If you've ever ended up in tears over money, you're in good company. More than half of Americans admit they've cried because they didn't feel like they had enough, according to The Secret Financial Lives of Americans report by Nonfiction Research based on research and a survey of over 2,200 U.S. adults.
It is, after all, incredibly common to be just scraping by. Over 70 percent of U.S. adults say they'd find it difficult if their paycheck was delayed by a week, according to a survey of over 30,000 adults conducted by the American Payroll Association released in September, and a majority of Americans have less than $1,000 in savings.
But even many high-earners feel overwhelmed: 41 percent of those who make over $200,000 say they've broken down at some point because they felt like they were coming up short.
That stress is largely about your mindset, your lifestyle and how much money Americans generally think is "enough," Saundra Davis, a financial coach and adjunct professor at Golden State University, tells CNBC Make It.
"There are only three things you can do if you are not happy with your financial situation: Make more, spend less or a combination of the two," Davis says. "There is no other magic."
That said, a few simple adjustments can make you feel vastly better about your situation. Here's a three-step process you can follow to get you on the right track.
Start by getting back to basics, Davis says. Before even starting to plan what you need to do, take stock of where you're at. The first step is to assess what matters most.
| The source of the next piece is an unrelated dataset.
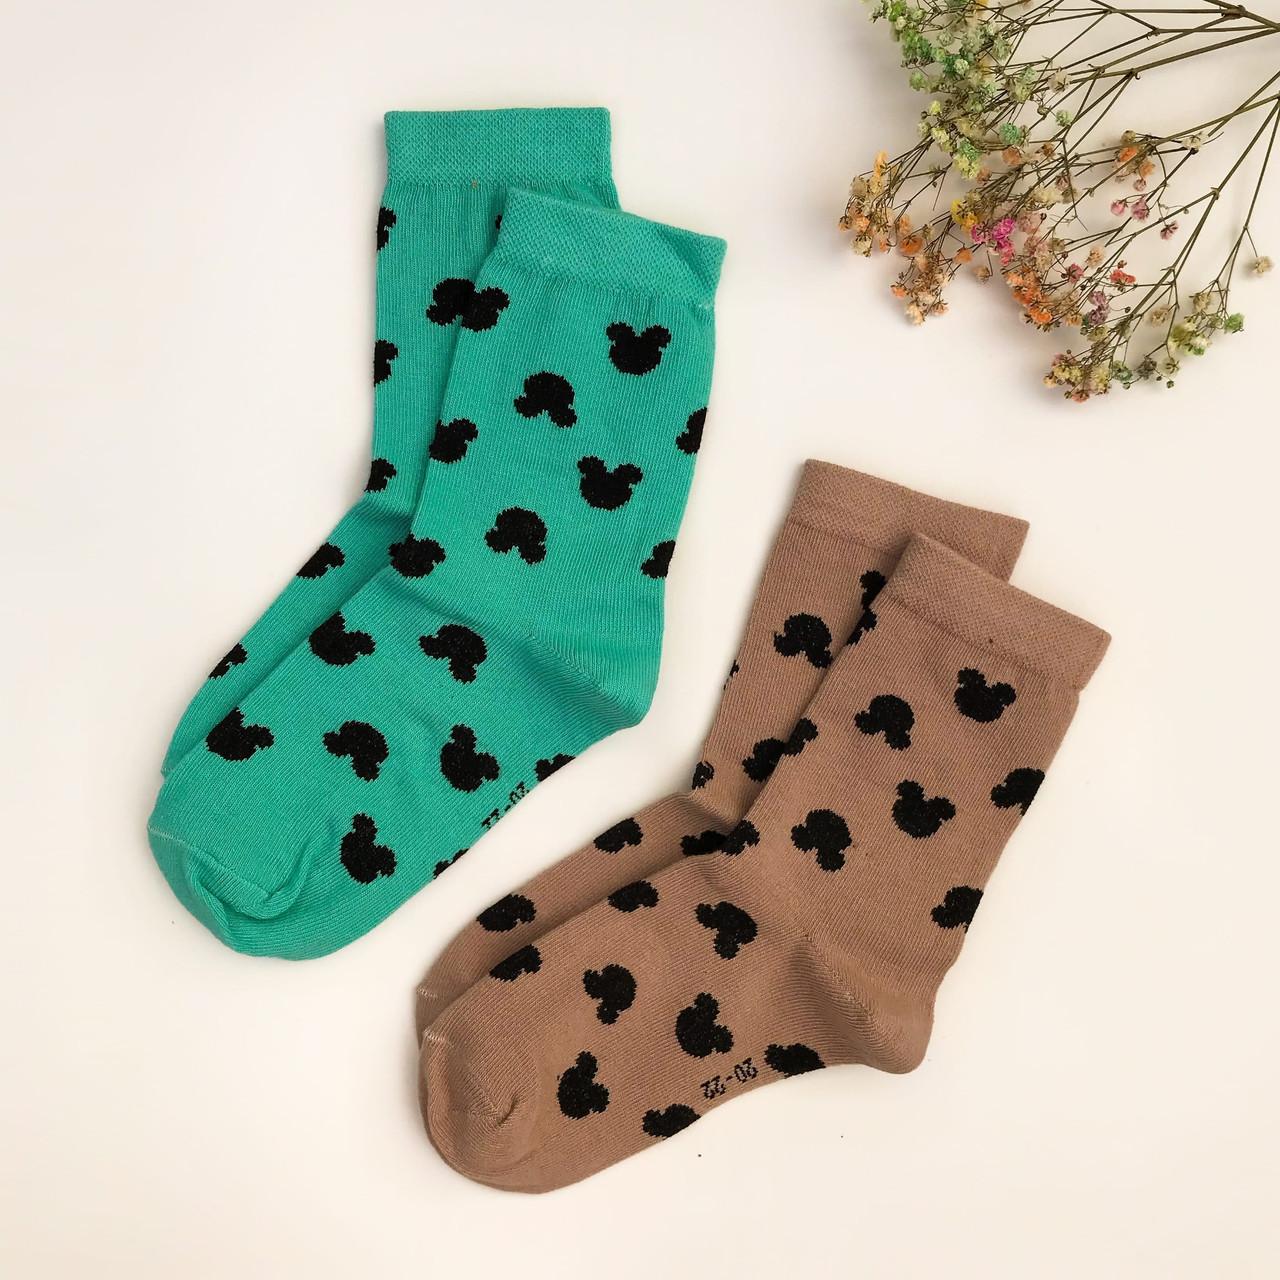 Носки для девочек V&T socks с рисунком Микки 20-22 (7-9 лет), Бежевый

"Know where you are and know what you want," she says. You need to ask yourself, What is your desired outcome? Do you want to make more money? Reduce your expenses? Maintain your current standard of living?
Be really clear about what you want and what's achievable.
And be realistic, she says. Don't expect yourself to go immediately from saving $0 to putting away $400 a month. If you can barely save $40, start by trying to save $40.
"This truly does mean starting where you are and giving yourself permission to set forward on a new journey," Davis says.
Everyone makes mistakes, Davis says, but it doesn't help to beat yourself up over them: "Grab the lesson and leave the shame."
Don't abuse yourself — that can actually immobilize you and make it difficult to move forward. If your financial situation is causing you stress, identify ways to bring some self-care into your plan to make it better, she recommends.
And don't compare yourself to others, Davis says: "Recognize that the noise is not necessarily your truth." Despite the booming economy, and whether you know it or not, many people are also having a hard time. Focus on your own reality and what you can control.
Once you've got a handle on your situation, it's time to build new, lasting goals. That means first understanding what a goal is.
"'I want to be debt-free' is not a goal," Davis says. "That is an activity that gets you to whatever the goal is," like, perhaps, freedom and financial independence.
"Look at your current financial choices and decide whether or not those choices are moving your toward or away from your desired outcome," she says. For example, if financial freedom is your goal, every time you use a credit card, you should be thinking about whether the purchase is moving you further away from what you want.
"Is the thing you're buying worth the freedom you're giving up?" Davis asks.
Of course, she admits, it's not easy to shift your thinking. So start small. Save $5 and actually put it into savings, or cook dinner once a week and take the money you would've spent going out and deposit it.
Davis uses her daily coffee habit as a starting point. She pays $3.50 for her coffee and she matches that by putting $3.50 in savings account as well. "If I can't afford $7, I don't have any business being in there," Davis says. "If I can give $3.50 to [my coffee shop], why can't I give $3.50 to myself?"
"It truly is about changing your mindset and then creating different habits," Davis says.